Exercise: Starting at the line with "Hot Wheels '80's" and ending at the line with "Legalize Cocaine in Military Green Color", print exactly the lines of the entries below. Pictures do not belong in the copy.

*** Extracted data ***

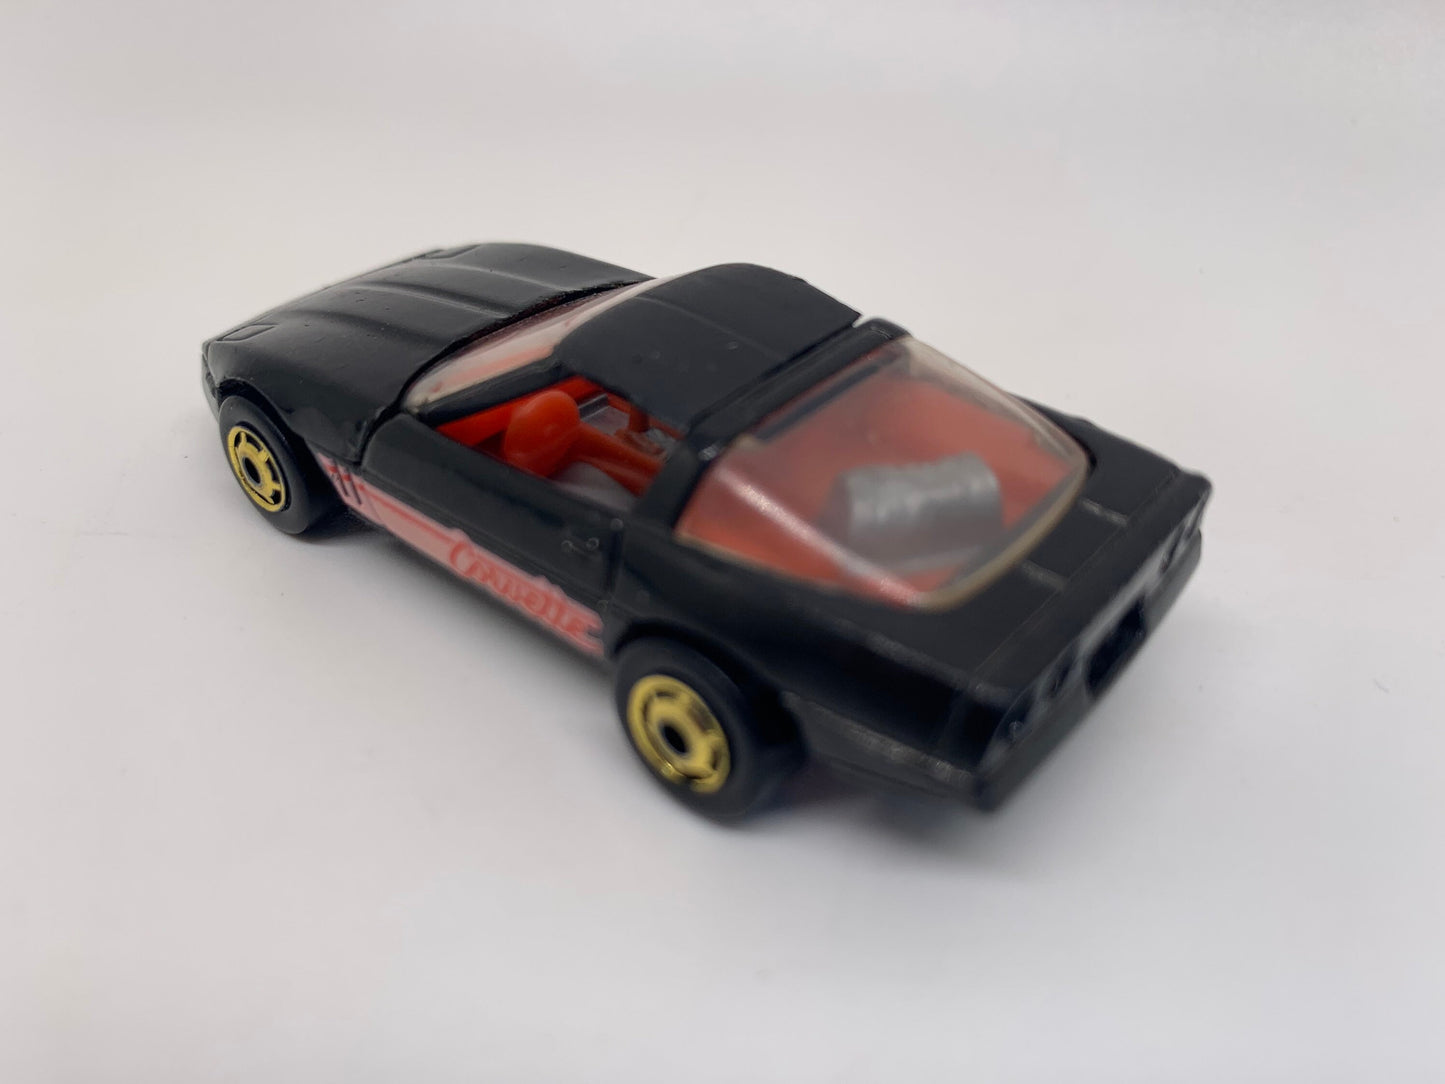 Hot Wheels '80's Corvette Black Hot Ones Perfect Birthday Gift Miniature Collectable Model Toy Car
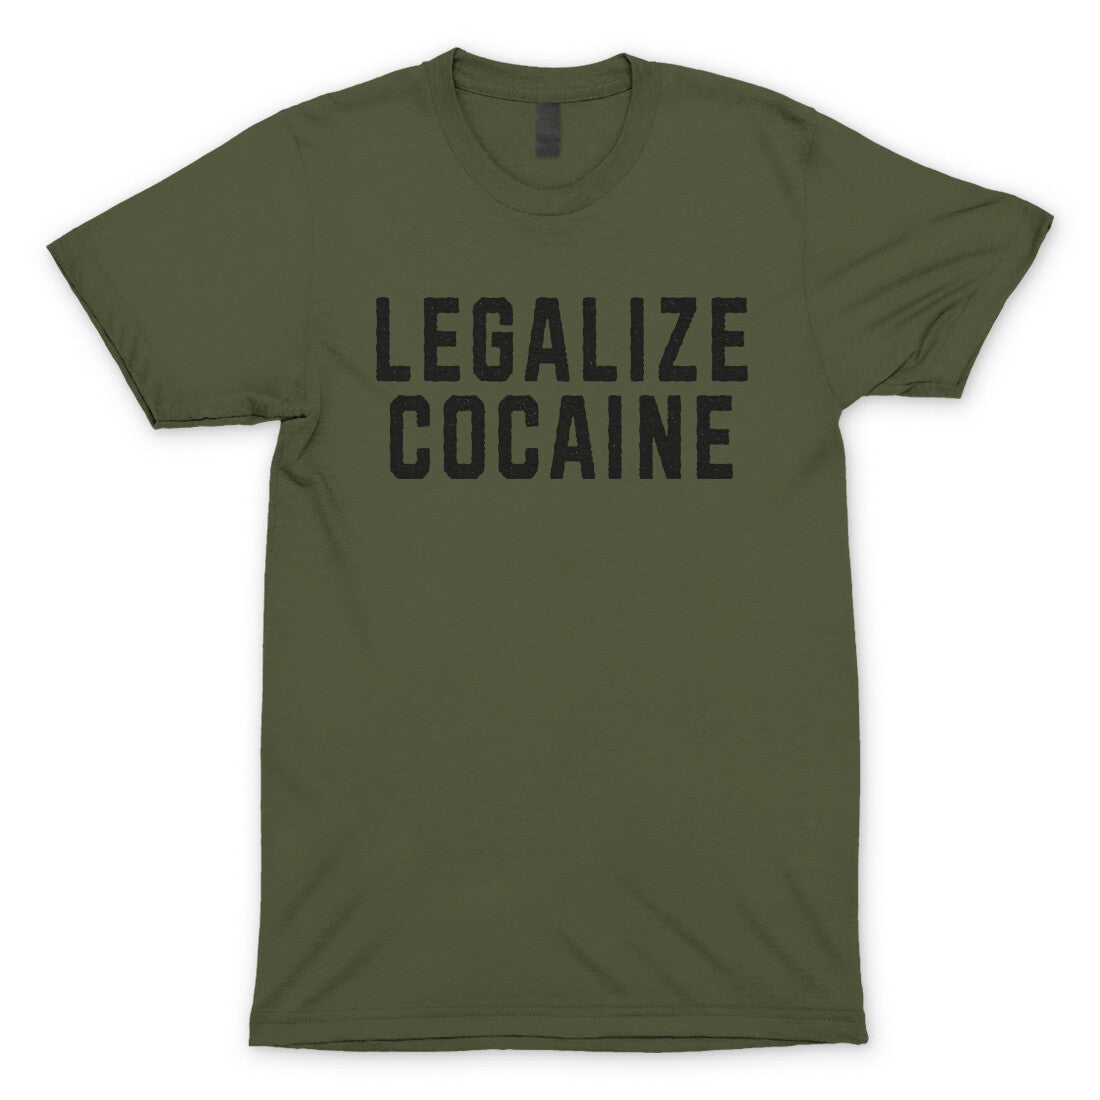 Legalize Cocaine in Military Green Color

*** End of Extracted data ***
*** Extracted data ***

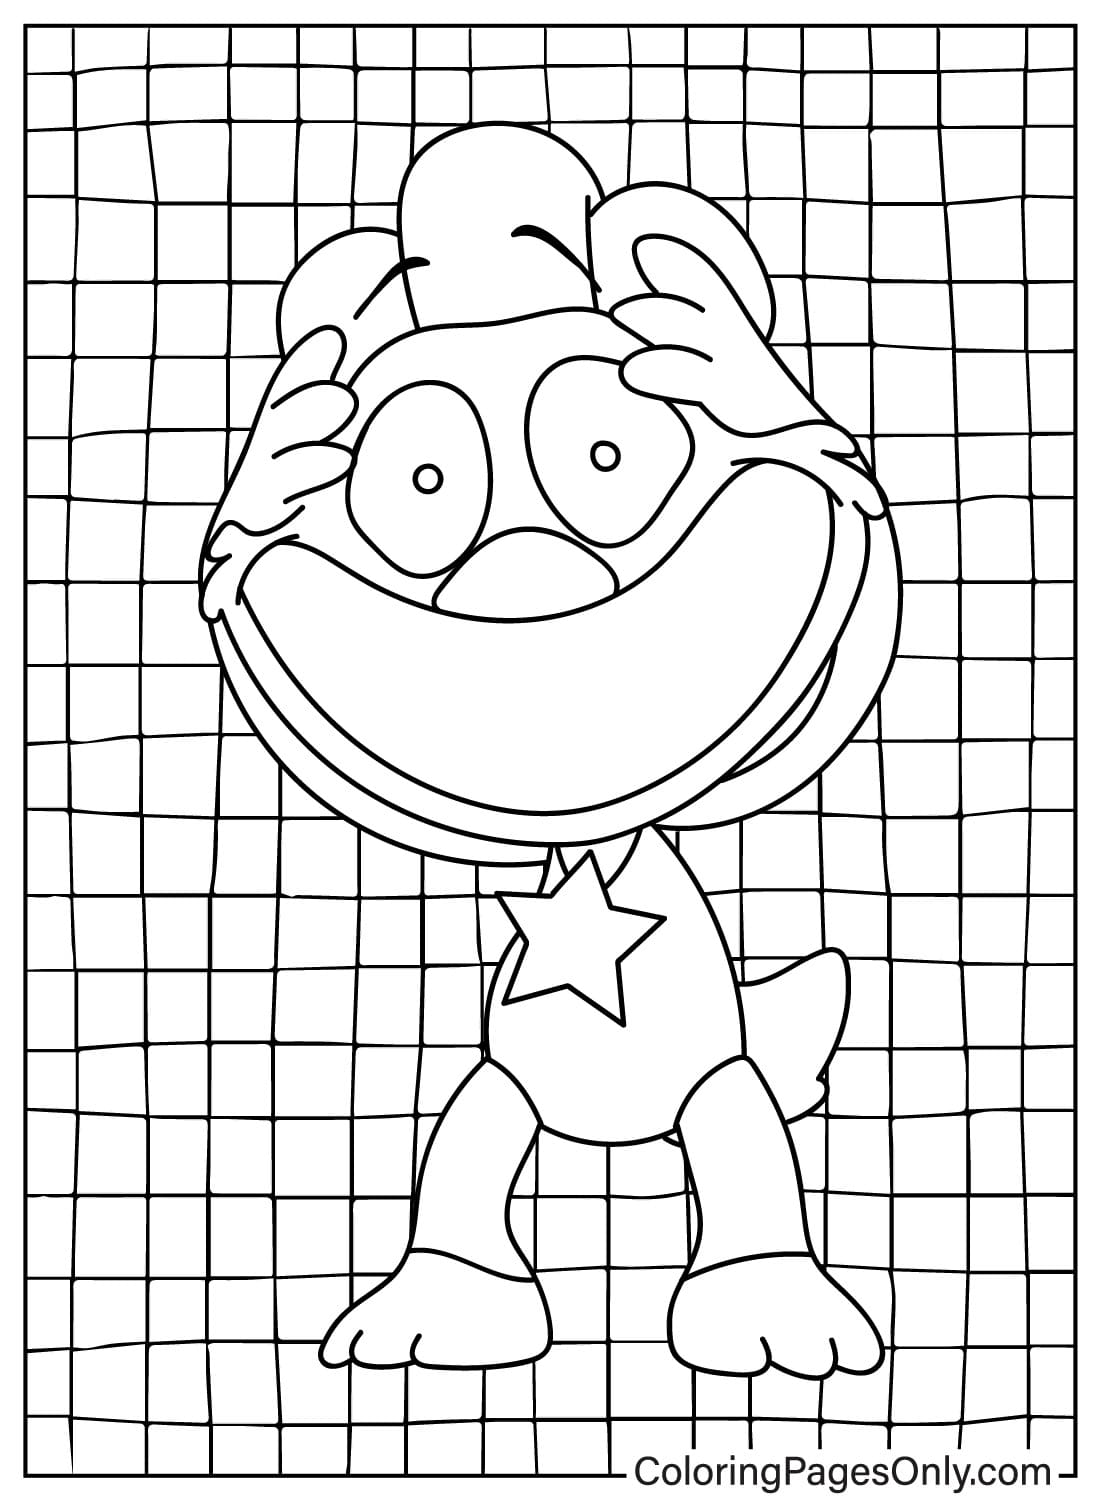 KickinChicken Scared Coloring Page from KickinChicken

*** End of Extracted data ***

Answer to the problem:
 Hot Wheels '80's Corvette Black Hot Ones Perfect Birthday Gift Miniature Collectable Model Toy Car
 Legalize Cocaine in Military Green Color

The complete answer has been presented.